95–100 km: The Final Push
- Sore but Determined: With 5 km to go, Suraj clenches his teeth and maintains about a 5:30 min/km pace. He’s beyond caring about form—just forward motion.
- Seeing the Lights: He spots distant lights signaling the finish area. Elation surges through him—he can almost smell victory (and the promised halwa).
Suraj’s Adrenaline Rush: “9:31 or 9:32—I’m close. Let’s go!”
Crossing the Finish Line: 9:31
- Finish Line Scene: Race organizers, volunteers, and a few earlier finishers from shorter categories cheer as Suraj appears. He breaks the tape (or passes the final marker) at 9 hours 31 minutes.

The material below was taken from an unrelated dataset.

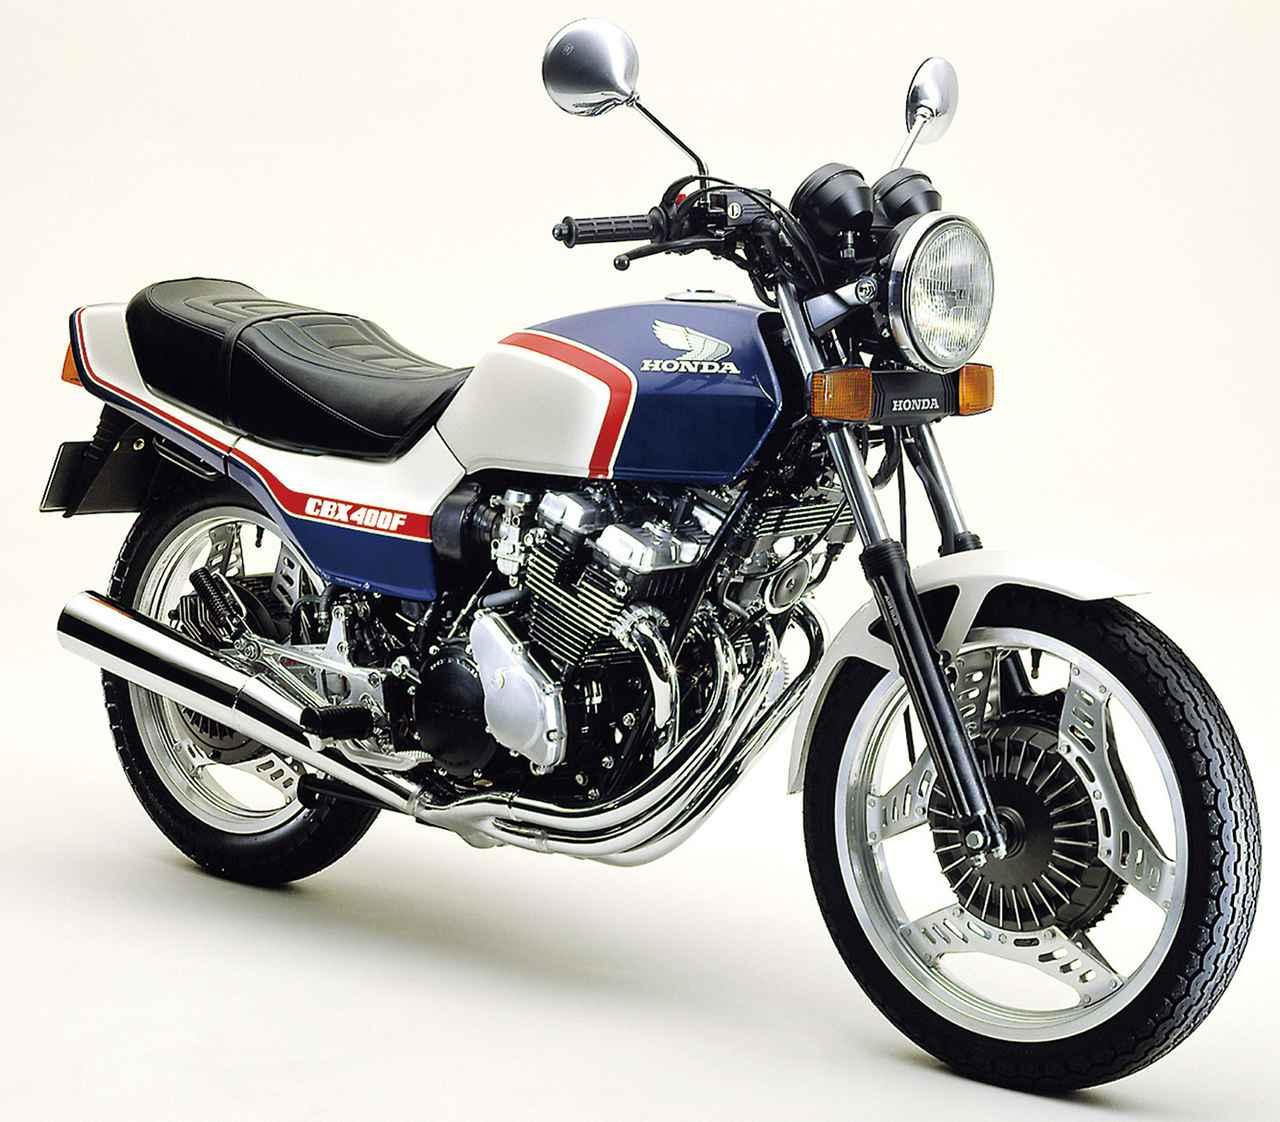 Images : 1981 CBX400F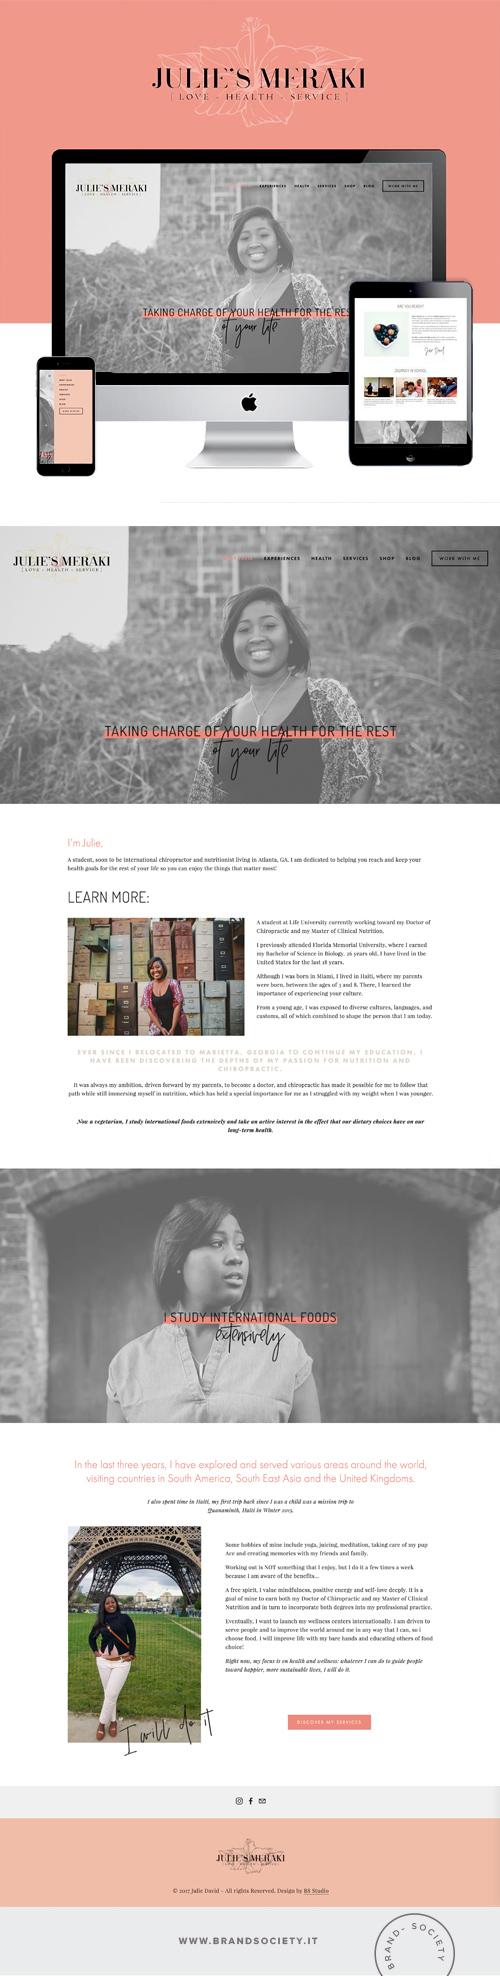 JULIE's MERAKI SERVICES|| SQUARESPACE WEBSITE | PORTFOLIO DESIGN | COLOR PALETTE

- New Course Record: The previous record was around 9:34. Suraj shaved off 3 minutes. Race officials confirm the new record. Applause erupts.
Halwa Promise: Gasping for breath, Suraj looks for the halwa. Initially, there’s none—logistics delayed its arrival. He half-laughs, half-groans. After a few minutes, a volunteer arrives with a bowl of sweet, steaming halwa. Suraj savors each bite—sweet victory, indeed.
Suraj’s Final Thought: “All those long training days, the sleepless nights after Burger King shifts, the boxing drills, the skipping—everything led here. It was worth it.”